How We Built a Secure Chat for CS Teams on Top of MCP
The decisions behind per-turn credential isolation, session history, and race-safe credit enforcement.
Building chat over live data sounds straightforward. It isn't.
The moment a CSM types "show me account health for Acme Corp," you have a security problem that a generic AI assistant never has to solve. The AI needs to call real APIs using Acme's credentials. Not your credentials. Not a shared key. Not a demo fixture.
Get that wrong and you have a tenant isolation breach. Here's what getting it right required.
The problem is not chat. It's acting as someone else.
Most chat-over-data tools are single-tenant. You connect your own database, ask questions, get answers. The blast radius of a bug is your own data.
CS teams work differently. A CSM queries on behalf of a customer, with that customer's credentials, scoped to that customer's data. The same AI loop that pulls Acme's invoices might handle Beta Inc's subscription status on the next message. Each call needs to prove it's using the right identity.
Two things need to be true before any API call fires:
- The CSM is authenticated to this organization
- The customer account being queried belongs to that same organization
Enforcing this at session start is not enough. We enforce it on every turn.

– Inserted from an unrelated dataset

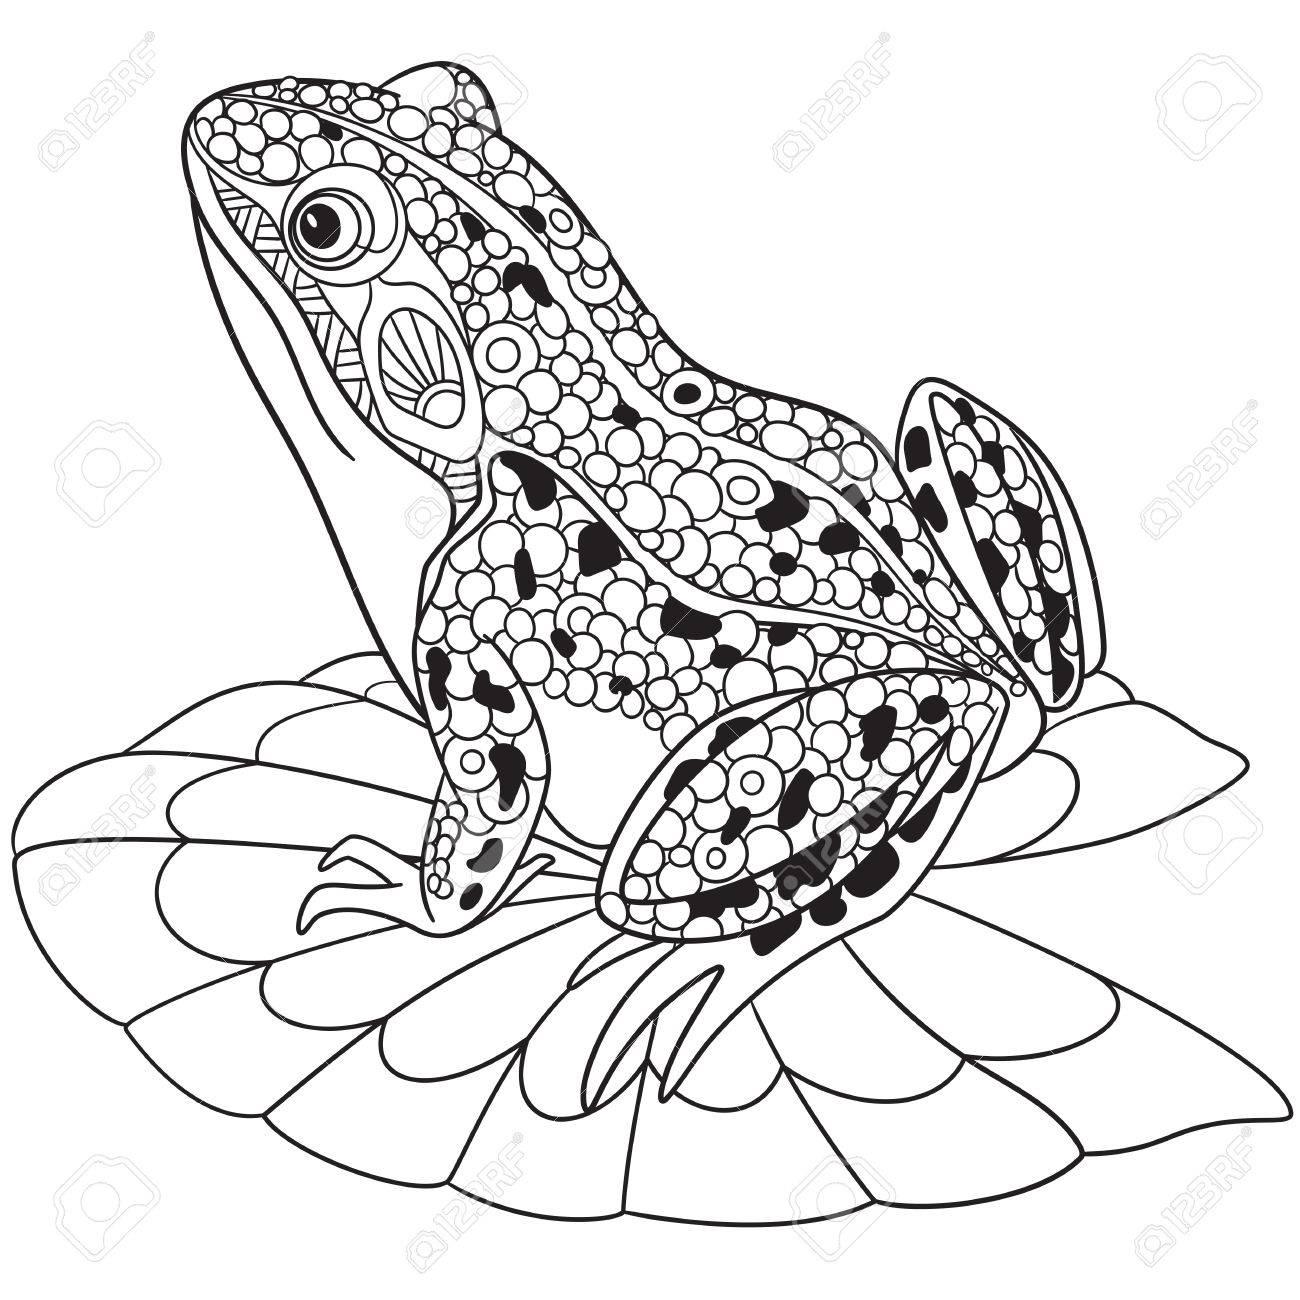 1300x1300 Stylized Cartoon Frog, Clip Art Libres De Droits , Vecteurs Et

Per-turn trust: one check, two jobs
Every time the model wants to call a tool, before credentials load, before any upstream request fires, we verify the combination of organization, connector, and customer account in a single query.

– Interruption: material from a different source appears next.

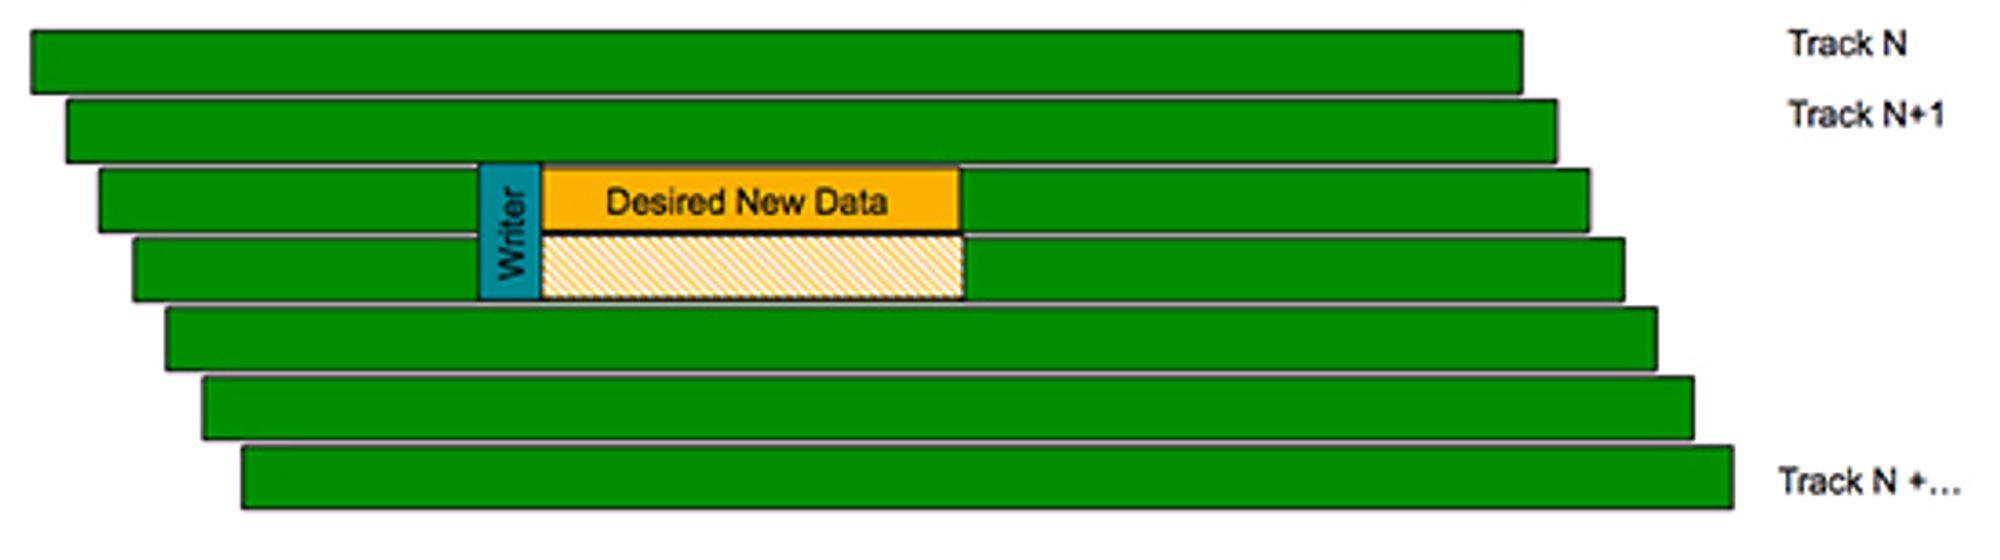 Skriving til ett spor lager problemer for omliggende data.

It checks: does this customer account exist, does it belong to the connector being queried, does that connector belong to the authenticated organization, and are both currently active?
If anything is off, such as wrong org, paused account, revoked customer, then the tool call is rejected. The response is deliberately uninformative. The caller gets a 404, not a 403. A 403 leaks information about what exists. A 404 doesn't.
This also means the trust check doubles as the tool catalog load. Resolving which tools are available proves the org/connector/customer triple is valid in the same round-trip. One query, two jobs. There's no way to get the tool list without passing both.
The model never sees the credential
Customer API keys are stored encrypted at rest. When the model needs to call an upstream API, the key is decrypted in-process, injected into the outbound HTTP request, and never returned to the model. The LLM sees the tool result. The data that came back. Nothing else.
This is the same pattern as a good OAuth proxy. The agent acts with the customer's authority without having access to the credential itself. You could log every model input and output without leaking a single API key.